A Few Favorite Discoveries:

H.M. Pulham, Esq. (1941)

H.M. Pulham, Esq. (1941), directed by King Vidor

H.M. Pulham, Esq. wasn’t really on my radar until I saw some people on Twitter saying it was Hedy Lamarr’s best role, and after watching this I have to agree. From what I’ve seen of her films so far, Lamarr was usually cast as just a pretty face for the characters to gaze upon, but here her character has much more depth, especially as a love interest for the title character. As Marvin Myles, she was able to instill the intellect that she possessed in real life, and she really commands the screen with more than just her looks. She and Robert Young also have great chemistry that keeps you engrossed in their relationship. Apparently out of all the remarkable actors Lamarr worked with, Young was her favorite leading man, and H.M. Pulham, Esq. was her favorite of her own films, and I can certainly see why she was so fond of this movie.
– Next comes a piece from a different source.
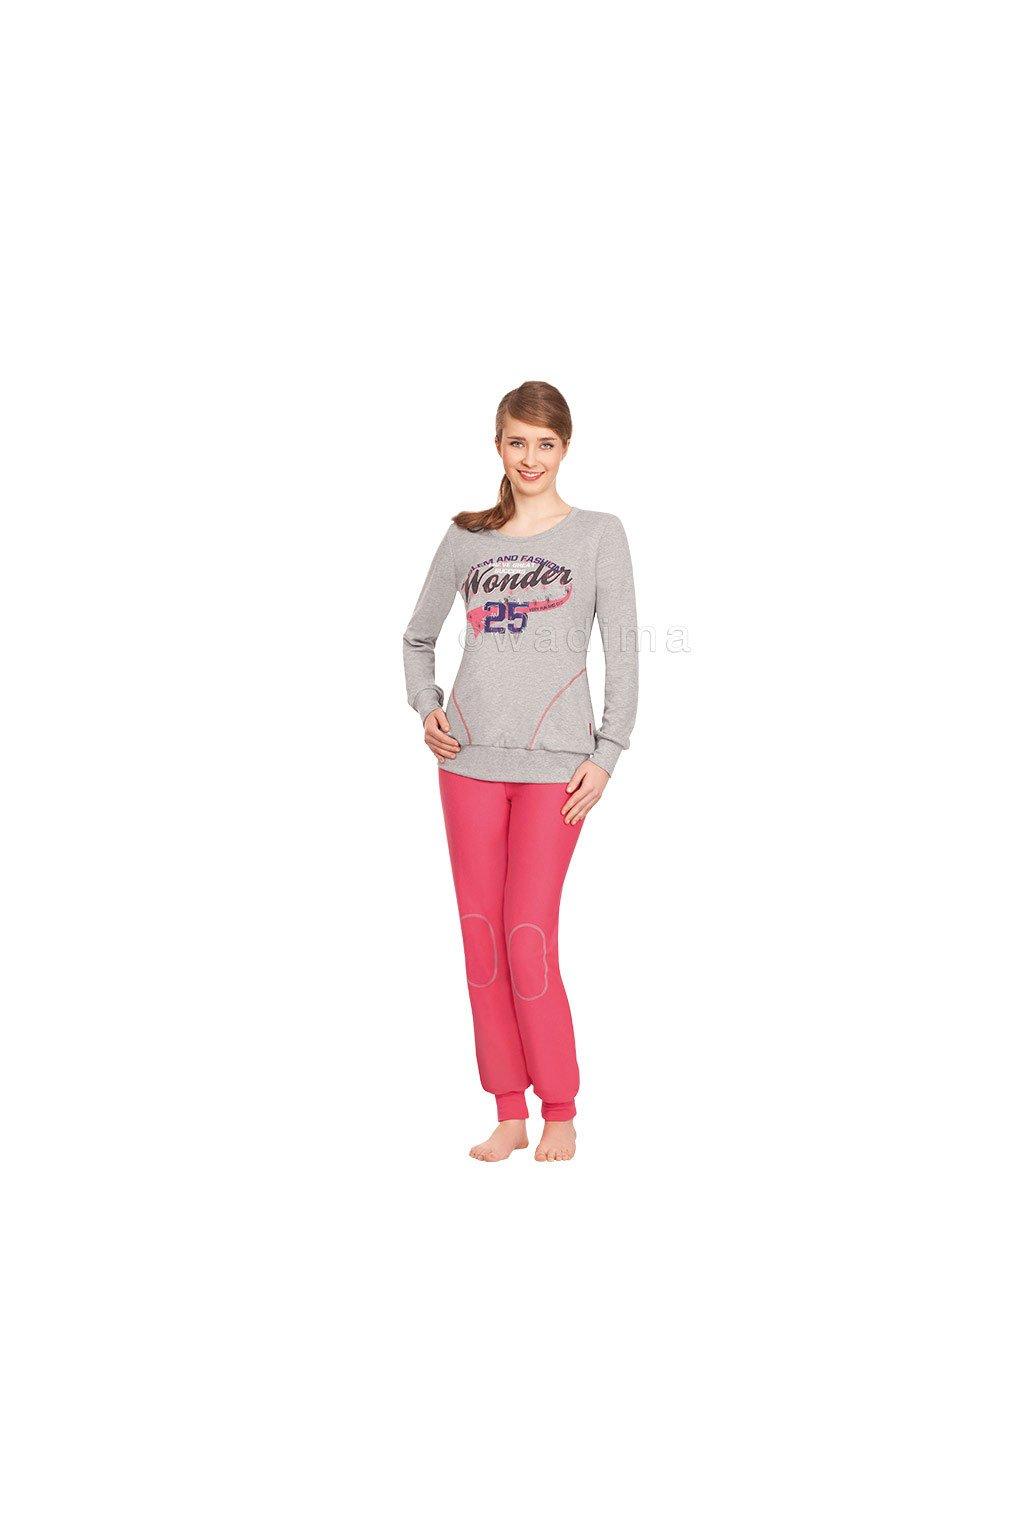 Dívčí pyžamo YOUNG FASHION s dlouhým rukávem, 70440 787, šedá/malinová
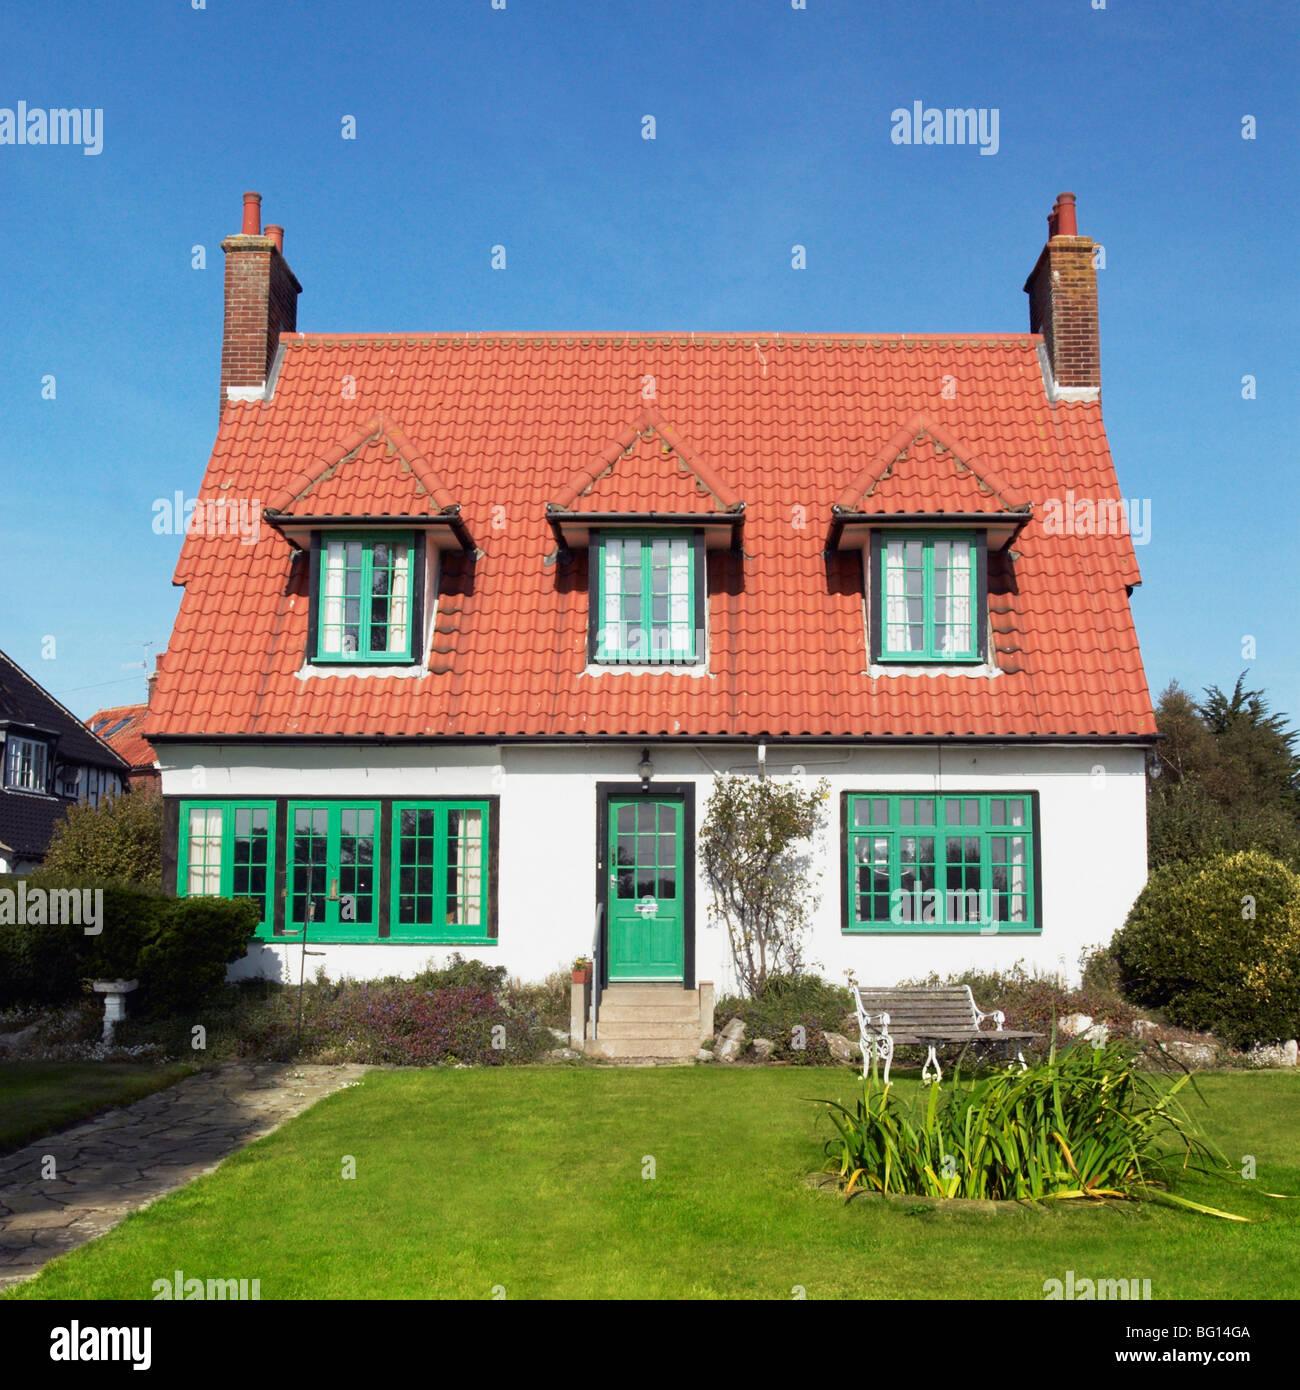 1920 Casa indipendente e giardino anteriore. Thorpeness, Suffolk, Regno Unito Immagini Stock

The film has a great nostalgic feel to it without being overly sentimental, and there’s one quote from it that’s stuck with me since (which is the only quote featured on its IMDb page).

Brigadoon (1954)

Brigadoon (1954), directed by Vincente Minnelli

This was a huge Gene Kelly blind spot for me, and I’m so glad I was finally able to remedy that when TCM celebrated Cyd Charisse during Summer Under the Stars. I’ve seen a lot of mixed reviews for the film so I wasn’t sure I’d enjoy it, but perhaps being in the right mindset for it made me love it more than if I had seen it on a different day. While it’s not my favorite movie from any of the actors involved, its whimsical quality was hard for me to resist. I was especially awestruck by the dancing between Kelly and Charisse, and watching Brigadoon made me wish they had had more opportunities to dance together on-screen aside from here and in the “Broadway Melody” segment in Singin’ in the Rain. But my favorite aspect of the film has to be Van Johnson and his cynicism; he has a number of great moments that practically stole my attention away from everything else going on, which is no easy feat when you’re sharing the screen with the likes of Kelly and Charisse.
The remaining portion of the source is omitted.